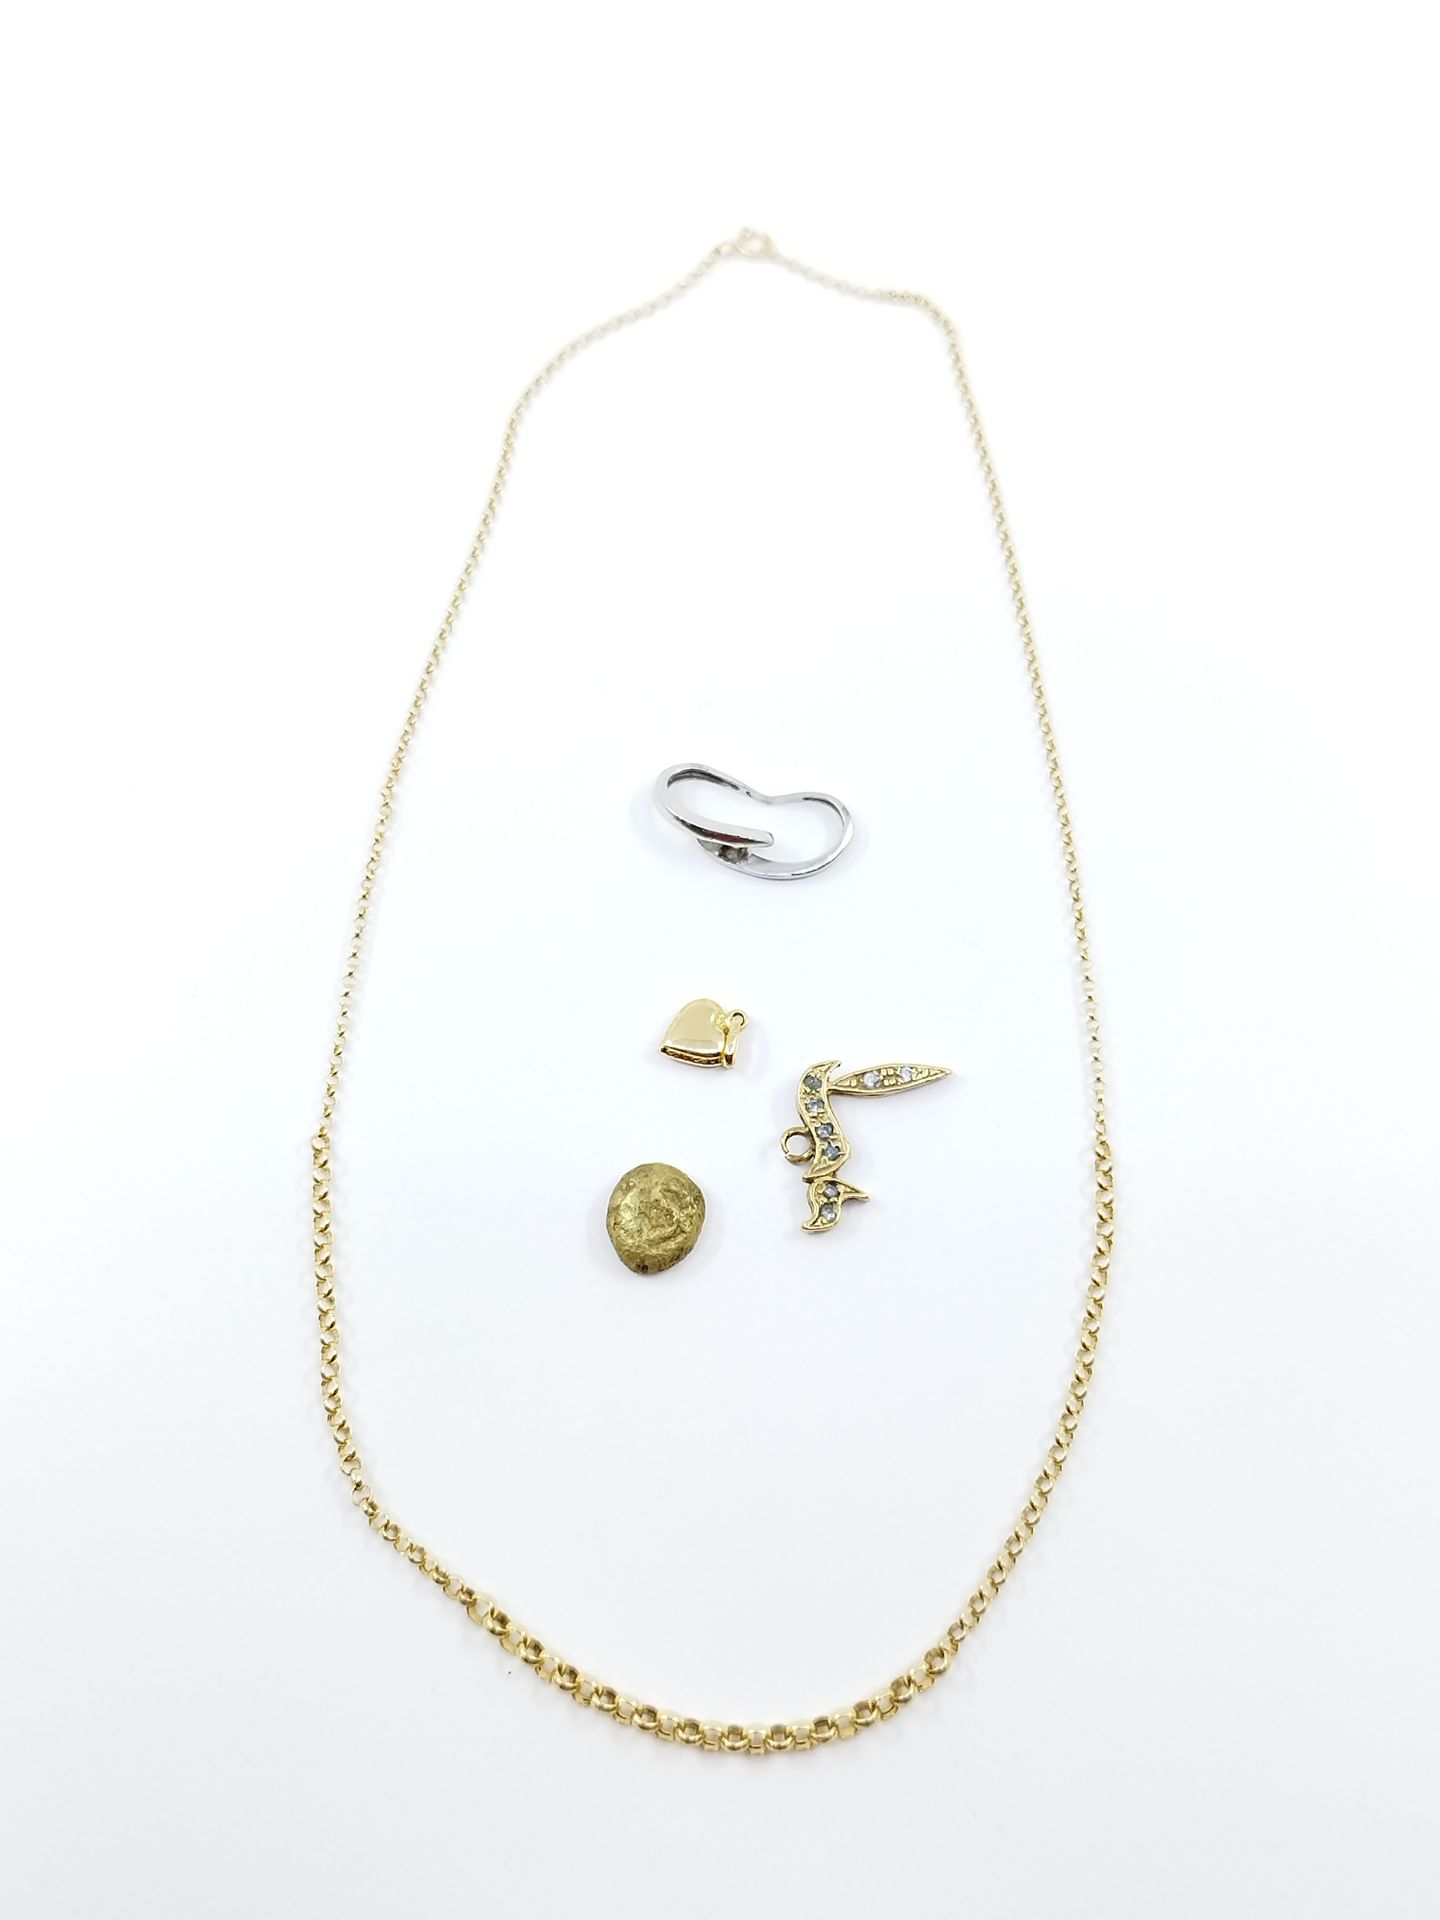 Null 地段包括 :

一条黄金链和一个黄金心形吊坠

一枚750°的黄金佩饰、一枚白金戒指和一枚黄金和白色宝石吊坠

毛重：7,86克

▸ **GOAL OF THE EXERCISE**: The answer must be the data above, repeated exactly, with no pictures.

▸ **FINISHED TASK**:
 Null 地段包括 :

一条黄金链和一个黄金心形吊坠

一枚750°的黄金佩饰、一枚白金戒指和一枚黄金和白色宝石吊坠

毛重：7,86克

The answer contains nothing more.